Inflation and Unemployment: The Evolution of the Phillips Curve

Three Volumes, (Richard Lipsey and  William Scarth editors), (Cheltenham: Edward Elgar) 2011.


Inflation Unemployment: The Evolution of the Phillips Curve
These three volumes contain representative articles covering the fifty years of the life of the Phillips Curve that is the 20th century's most cited macroeconomic article.
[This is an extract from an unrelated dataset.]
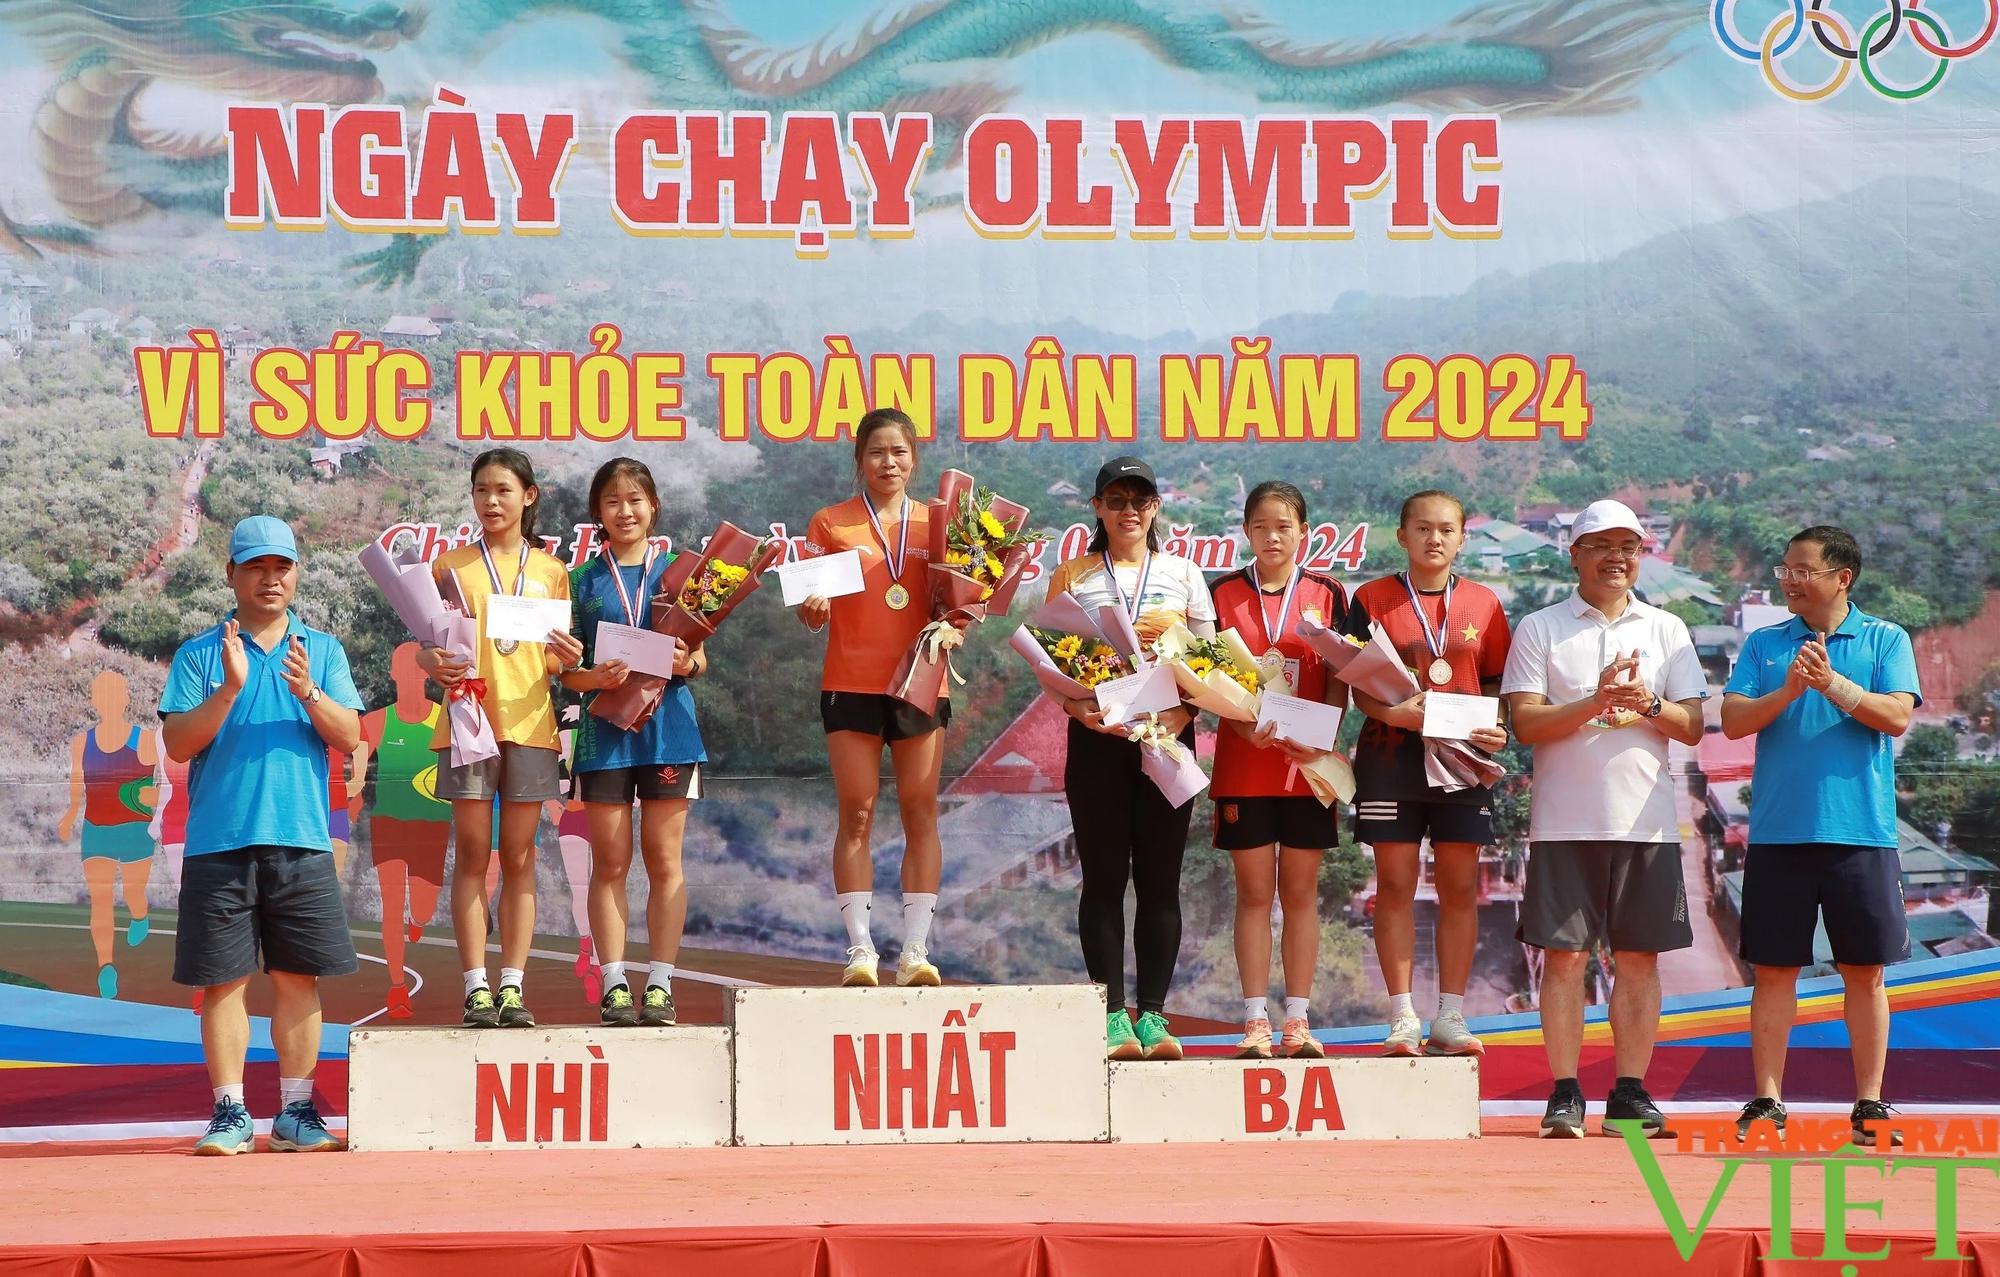 Trên 3.000 VĐV tham ra chạy Olympic vì sức khỏe toàn dân năm 2024- Ảnh 12.

It begins with an introductory essay by the editors that covers: The macro policy debate when Phillips made his contribution, a debate that is largely unknown today; early alternative interpretations the curve; early empirical studies, including those of the loops; the rise of the unique equilibrium doctrine, which covers the consequences of closing the Keynesian model with a simple Phillips curve, and the abandonment of the Keynesian underpinnings of constant marginal costs and short-term relative wage rigidity; the transition from Keynesian to New Classical Economics, which covers the emergence of the expectations-augmented Phillips curve, the New Classical theory in full bloom, the testing of the expectations-augmented Phillips curve, equilibrium and disequilibrium interpretations of the curve, and the drive for more formal micro-foundations.

The essay concludes with a long section on alternative views of the economic process, which contrasts the Newtonian, New Classical view with the Darwinian evolutionary view of the economy. It argues that many of the phenomena that are hard to understand using conventional theory become understandable when viewed through the lens of evolutionary theory − a theory that emphasizes endogenous technological change at the micro-economic level.